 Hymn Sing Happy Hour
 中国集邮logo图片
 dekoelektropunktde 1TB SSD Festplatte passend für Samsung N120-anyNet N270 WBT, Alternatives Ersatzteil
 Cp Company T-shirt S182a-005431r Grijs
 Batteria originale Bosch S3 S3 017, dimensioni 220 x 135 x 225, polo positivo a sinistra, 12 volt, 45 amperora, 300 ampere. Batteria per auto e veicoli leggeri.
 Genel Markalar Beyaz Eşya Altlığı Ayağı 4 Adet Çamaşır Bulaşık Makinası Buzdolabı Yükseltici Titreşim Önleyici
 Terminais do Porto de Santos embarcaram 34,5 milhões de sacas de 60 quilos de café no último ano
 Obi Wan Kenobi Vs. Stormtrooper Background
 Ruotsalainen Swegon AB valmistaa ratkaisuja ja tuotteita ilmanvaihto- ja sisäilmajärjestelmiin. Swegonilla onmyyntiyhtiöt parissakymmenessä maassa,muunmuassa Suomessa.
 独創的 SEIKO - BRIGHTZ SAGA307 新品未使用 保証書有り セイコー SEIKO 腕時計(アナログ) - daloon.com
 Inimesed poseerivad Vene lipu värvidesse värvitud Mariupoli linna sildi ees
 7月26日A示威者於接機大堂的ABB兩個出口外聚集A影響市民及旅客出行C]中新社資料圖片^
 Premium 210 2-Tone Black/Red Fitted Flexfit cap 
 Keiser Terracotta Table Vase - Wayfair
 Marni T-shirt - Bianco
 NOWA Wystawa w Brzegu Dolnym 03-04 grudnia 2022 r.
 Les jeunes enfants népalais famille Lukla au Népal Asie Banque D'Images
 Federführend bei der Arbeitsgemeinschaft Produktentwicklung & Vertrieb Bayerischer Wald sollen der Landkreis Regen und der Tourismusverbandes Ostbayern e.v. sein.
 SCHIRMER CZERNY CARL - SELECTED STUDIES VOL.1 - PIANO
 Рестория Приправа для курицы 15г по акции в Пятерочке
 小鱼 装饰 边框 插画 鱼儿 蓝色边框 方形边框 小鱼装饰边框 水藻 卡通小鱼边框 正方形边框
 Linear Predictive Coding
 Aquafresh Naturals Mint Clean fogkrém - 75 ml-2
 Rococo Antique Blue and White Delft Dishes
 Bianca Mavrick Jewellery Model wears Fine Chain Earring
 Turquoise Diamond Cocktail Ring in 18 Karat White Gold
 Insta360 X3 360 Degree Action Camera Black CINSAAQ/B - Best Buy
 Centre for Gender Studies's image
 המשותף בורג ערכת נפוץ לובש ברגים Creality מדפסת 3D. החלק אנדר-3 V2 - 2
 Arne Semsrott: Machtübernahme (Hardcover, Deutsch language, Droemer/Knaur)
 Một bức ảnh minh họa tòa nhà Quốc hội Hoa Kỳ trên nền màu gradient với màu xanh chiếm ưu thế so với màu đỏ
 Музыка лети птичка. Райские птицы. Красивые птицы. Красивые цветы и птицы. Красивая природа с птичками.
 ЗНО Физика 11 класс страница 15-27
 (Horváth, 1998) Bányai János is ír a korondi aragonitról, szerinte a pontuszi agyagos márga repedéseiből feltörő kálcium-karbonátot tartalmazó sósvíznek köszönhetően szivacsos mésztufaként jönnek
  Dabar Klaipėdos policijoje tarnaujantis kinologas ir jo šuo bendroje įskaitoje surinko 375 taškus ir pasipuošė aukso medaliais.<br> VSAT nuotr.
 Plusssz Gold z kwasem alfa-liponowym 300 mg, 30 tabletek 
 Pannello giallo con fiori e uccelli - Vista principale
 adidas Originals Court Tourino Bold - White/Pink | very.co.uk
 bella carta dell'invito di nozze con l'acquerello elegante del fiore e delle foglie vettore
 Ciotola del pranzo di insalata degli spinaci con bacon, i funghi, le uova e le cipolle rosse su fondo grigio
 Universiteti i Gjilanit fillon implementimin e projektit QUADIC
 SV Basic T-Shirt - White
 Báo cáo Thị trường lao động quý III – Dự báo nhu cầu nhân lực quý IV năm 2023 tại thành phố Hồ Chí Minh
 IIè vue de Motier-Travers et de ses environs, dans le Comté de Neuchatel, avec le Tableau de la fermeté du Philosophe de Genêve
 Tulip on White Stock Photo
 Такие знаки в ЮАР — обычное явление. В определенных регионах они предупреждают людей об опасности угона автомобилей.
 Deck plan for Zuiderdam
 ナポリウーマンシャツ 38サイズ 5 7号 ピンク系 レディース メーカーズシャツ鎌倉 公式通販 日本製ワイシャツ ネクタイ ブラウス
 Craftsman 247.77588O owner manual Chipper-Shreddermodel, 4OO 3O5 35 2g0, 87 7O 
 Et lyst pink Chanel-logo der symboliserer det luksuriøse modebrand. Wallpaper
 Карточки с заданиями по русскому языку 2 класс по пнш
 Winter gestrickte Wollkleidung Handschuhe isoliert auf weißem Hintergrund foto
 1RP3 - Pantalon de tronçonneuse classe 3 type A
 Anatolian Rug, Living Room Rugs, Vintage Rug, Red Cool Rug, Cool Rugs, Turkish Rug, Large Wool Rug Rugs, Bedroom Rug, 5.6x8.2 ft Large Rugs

§ WHAT YOU HAVE TO DO
Go to the line with "Rococo Antique Blue and White Delft Dishes" in the entries above and repeat every line from there through the line with "Centre for Gender Studies's image", exactly and with no other text.

§ ANSWER BOX
 Rococo Antique Blue and White Delft Dishes
 Bianca Mavrick Jewellery Model wears Fine Chain Earring
 Turquoise Diamond Cocktail Ring in 18 Karat White Gold
 Insta360 X3 360 Degree Action Camera Black CINSAAQ/B - Best Buy
 Centre for Gender Studies's image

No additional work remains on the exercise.